October 22, 2013, 11:51 AM — The number of DDoS (distributed denial-of-service) attacks that target weak spots in Web applications in addition to network services has risen during the past year and attackers are using increasingly sophisticated methods to bypass defenses, according to DDoS mitigation experts.
Researchers from Incapsula, a company that provides website security and DDoS protection services, recently mitigated a highly adaptive DDoS attack against one of its customers that went on for weeks and combined network-layer with application-layer -- Layer 7 -- attack techniques.
The target was a popular trading site that belongs to a prominent player in a highly competitive online industry and it was one of the most complex DDoS attacks Incapsula has ever had to deal with, the company's researchers said in a blog post.
The attack started soon after an ex-partner left the targeted company and the attackers appeared to have intimate knowledge of the weak spots in the target's infrastructure, suggesting that the two events might be connected, the researchers said.
The attack began with volumetric SYN floods designed to consume the target's bandwidth.

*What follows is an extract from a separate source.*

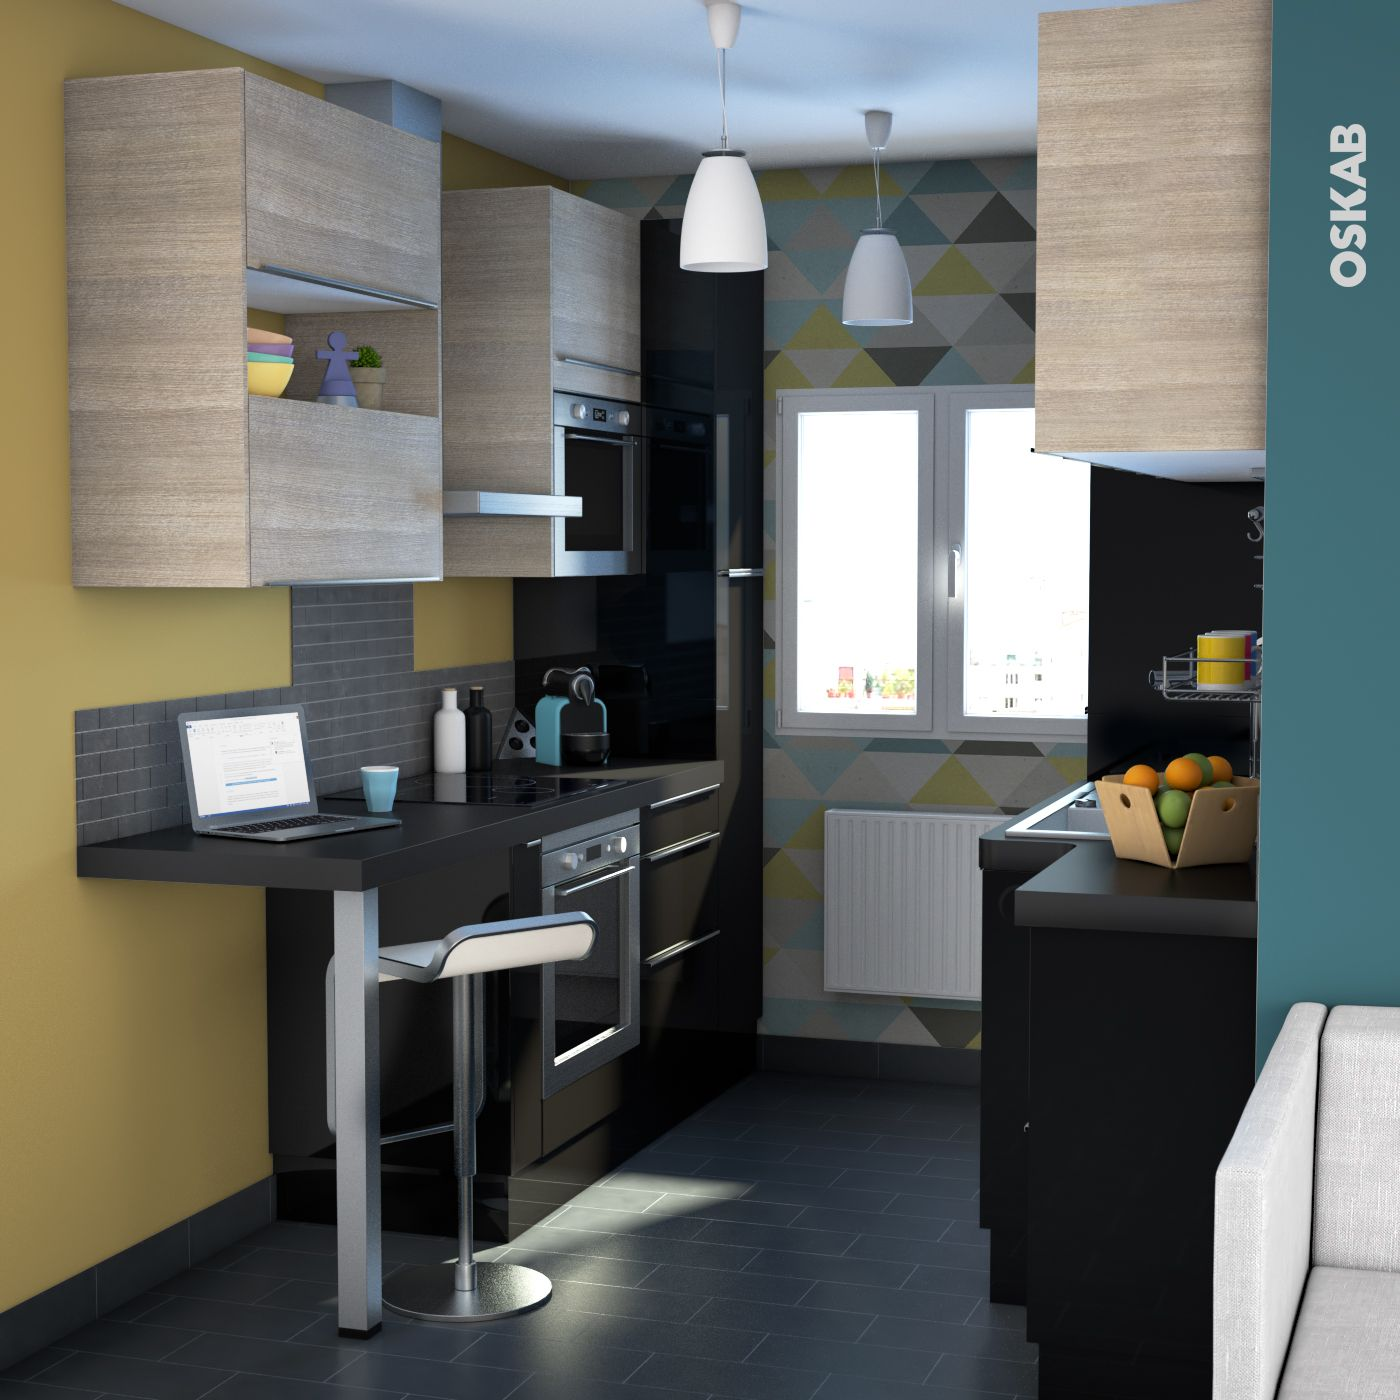 cuisine noire et bois ouverte ambiance tendance graphique. Black Bedroom Furniture Sets. Home Design Ideas

It then progressed with HTTP floods against resource intensive pages, against special AJAX objects that supported some of the site's functions and against Incapsula's own resources.
The attackers then switched to using DDoS bots capable of storing session cookies in an attempt to bypass a mitigation technique that uses cookie tests to determine if requests come from real browsers. The ability to store cookies is usually a feature found in full-fledged browsers, not DDoS tools.
As Incapsula kept blocking the different attack methods, the attackers kept adapting and eventually they started flooding the website with requests sent by real browsers running on malware-infected computers.
"It looked like an abnormally high spike in human traffic," the Incapsula researchers said. "Still, even if the volumes and behavioral patterns were all wrong, every test we performed showed that these were real human visitors."
This real-browser attack was being launched from 20,000 computers infected with a variant of the PushDo malware, Incapsula later discovered. However, when the attack first started, the company had to temporarily use a last-resort mitigation technique that involved serving CAPTCHA challenges to users who matched a particular configuration.
The company learned that a PushDo variant capable of opening hidden browser instances on infected computers was behind the attack after a bug in the malware caused the rogue browser windows to be displayed on some computers. This led to users noticing Incapsula's block pages in those browsers and reaching out to the company with questions.